§ **What is required**
Take the lines below beginning at the line that has "of bulb socket" and stopping after the line that has "heavy brass finials", and print them exactly as they are, with no other lines.

§ **Entries supplied**
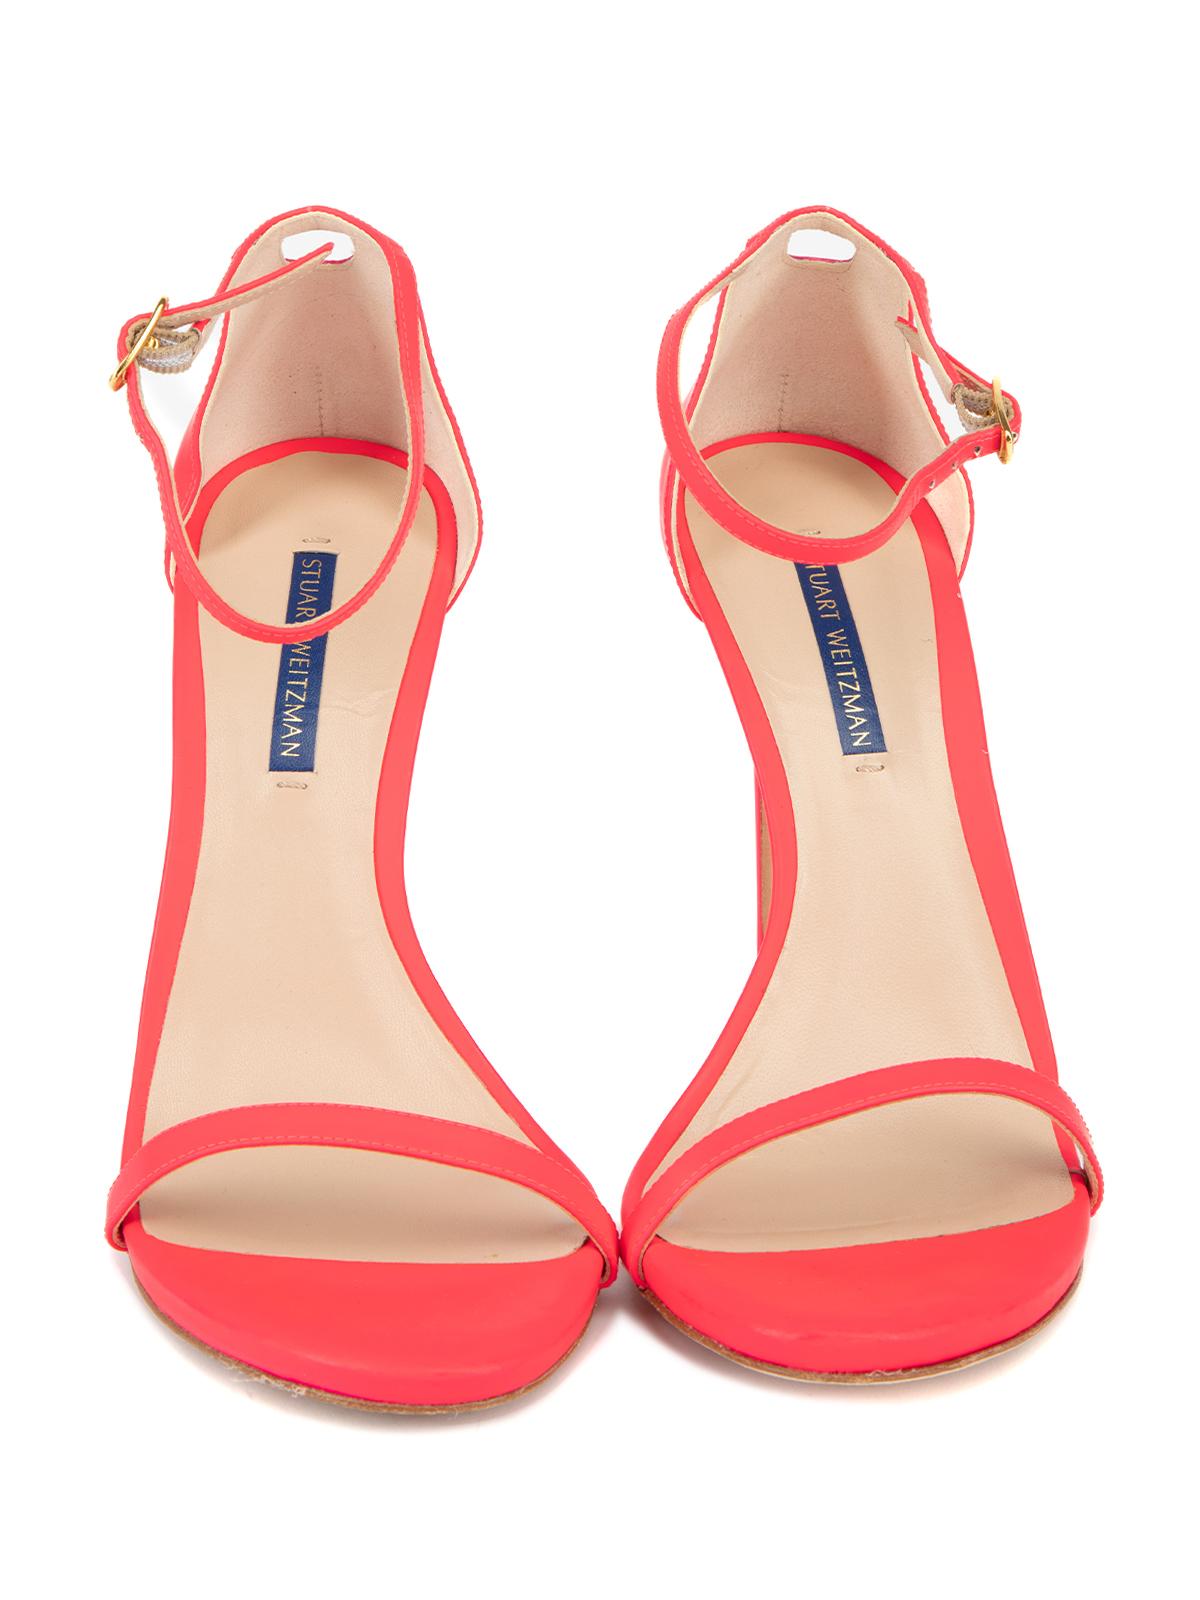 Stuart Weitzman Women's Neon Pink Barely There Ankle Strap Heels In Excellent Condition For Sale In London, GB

--

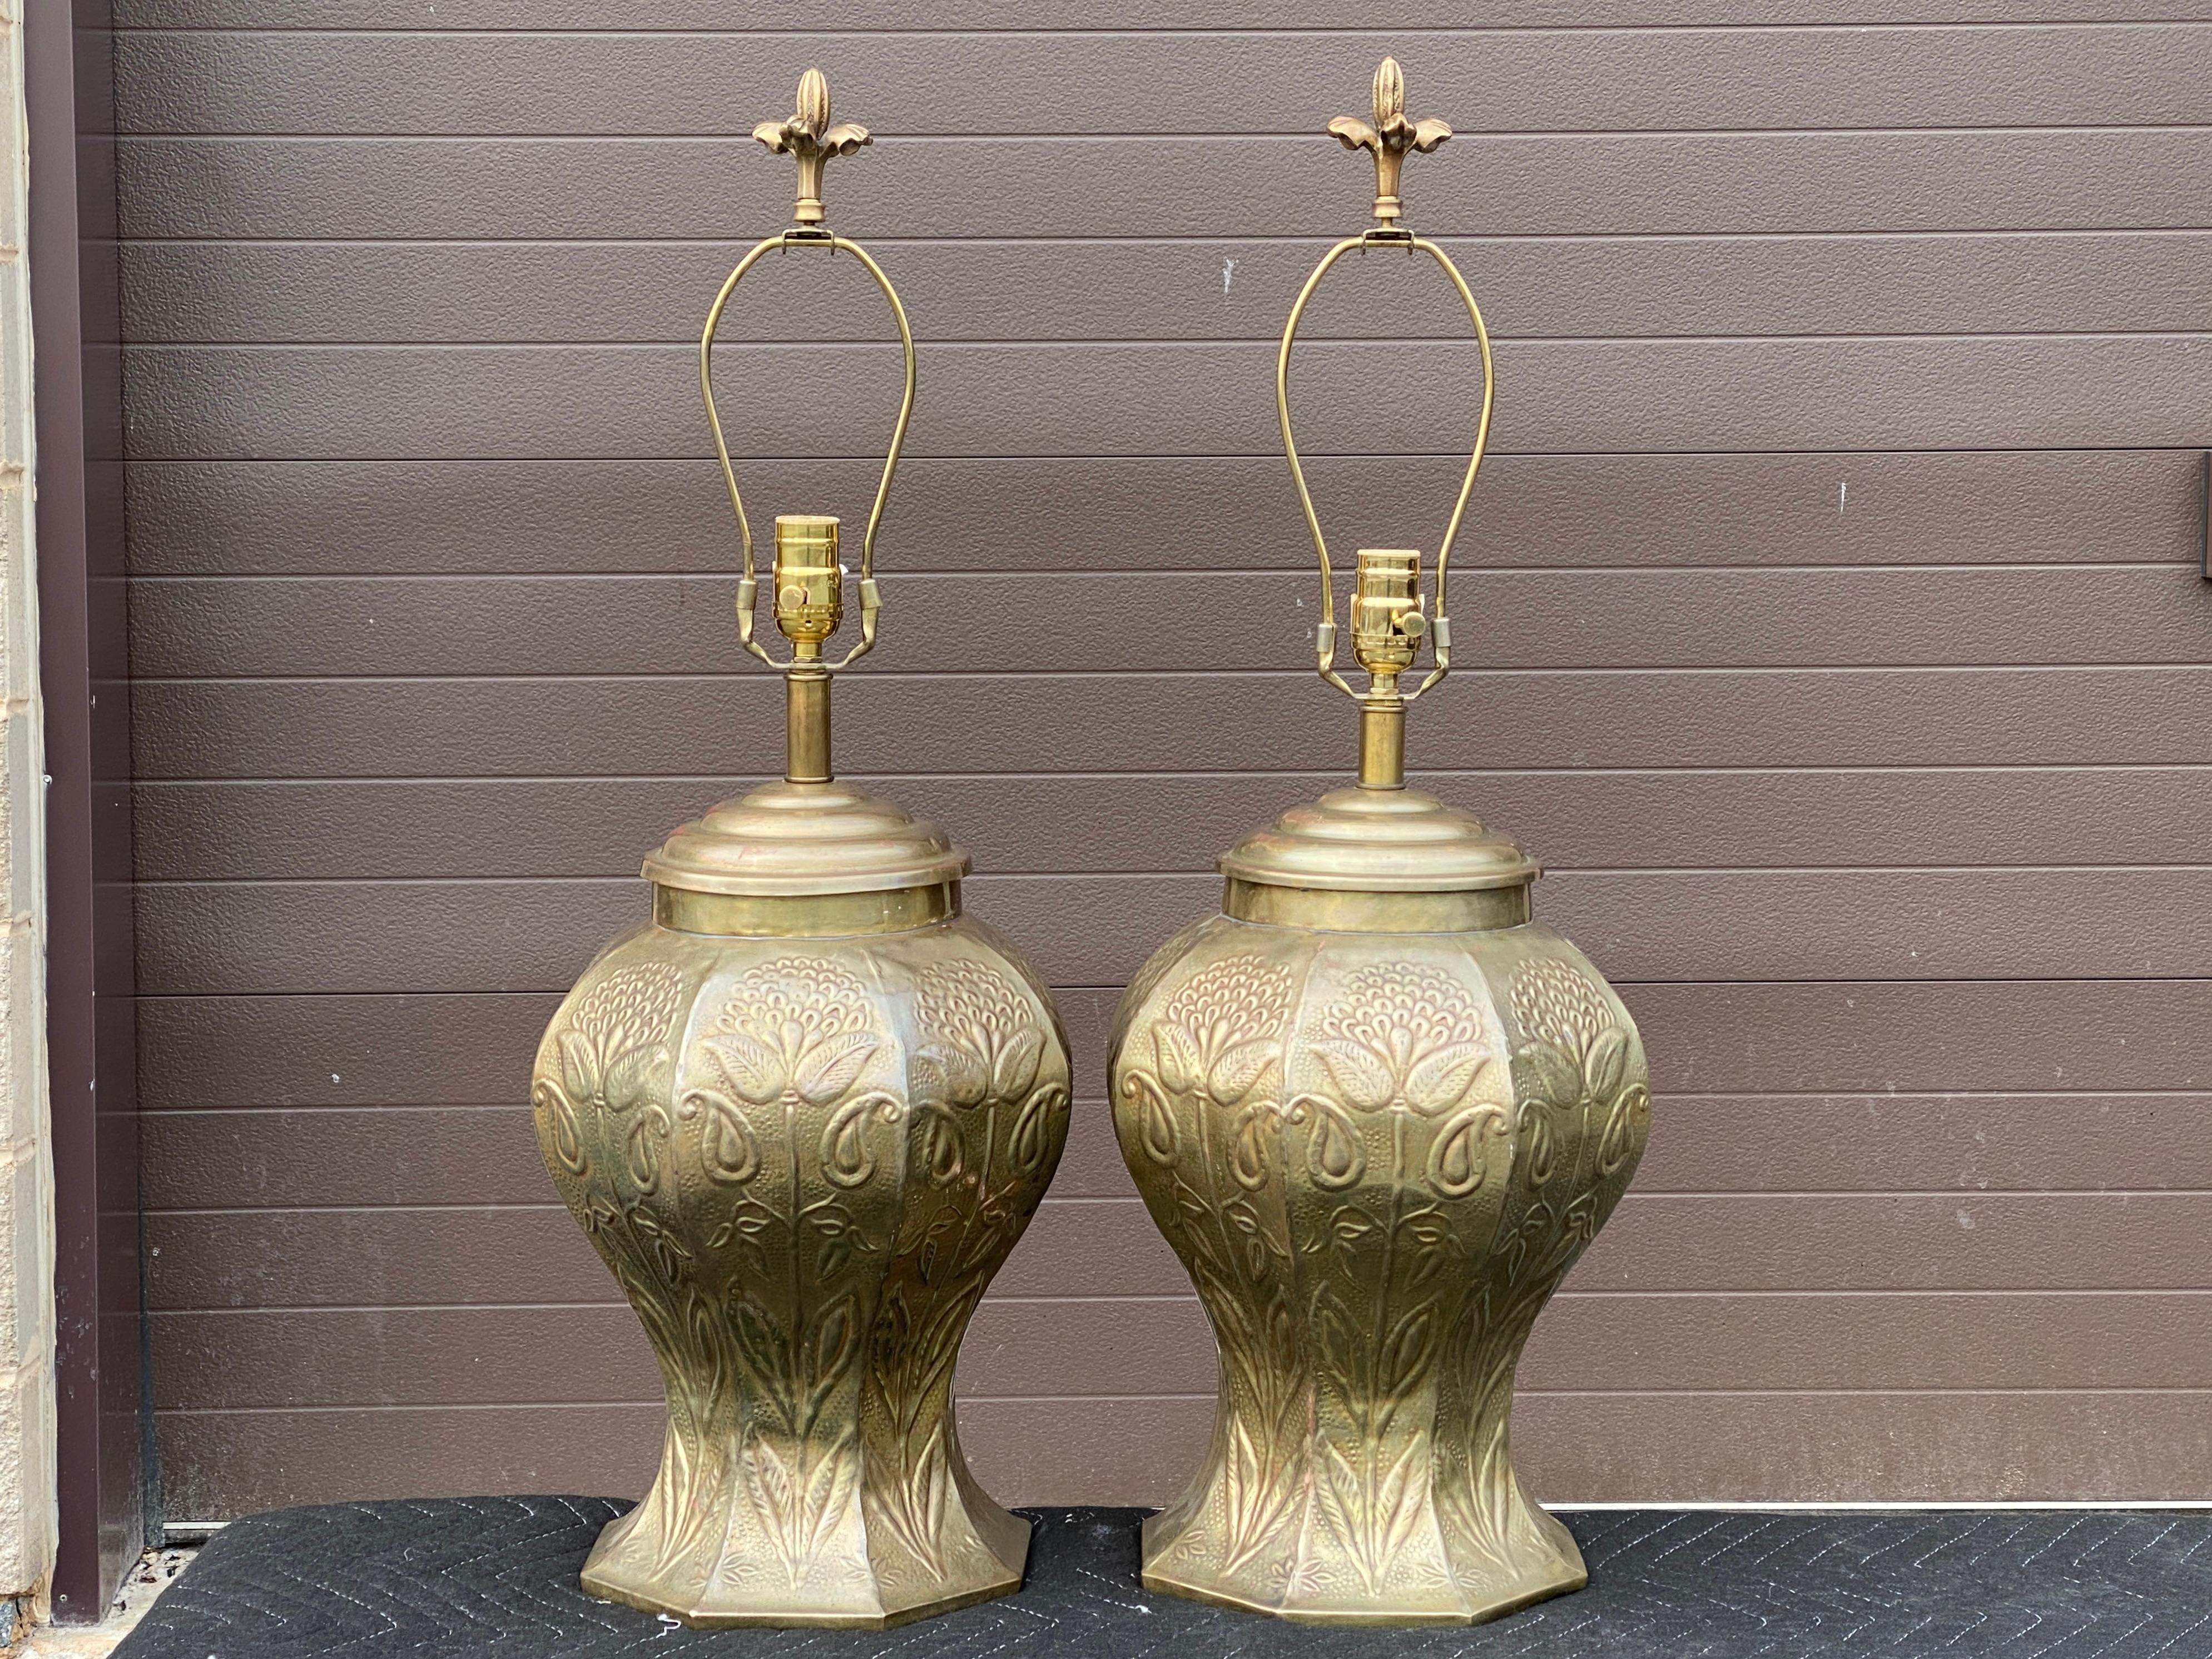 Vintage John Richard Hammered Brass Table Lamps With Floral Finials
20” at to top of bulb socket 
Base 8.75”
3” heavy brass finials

§ **Exercise output**
20” at to top of bulb socket 
Base 8.75”
3” heavy brass finials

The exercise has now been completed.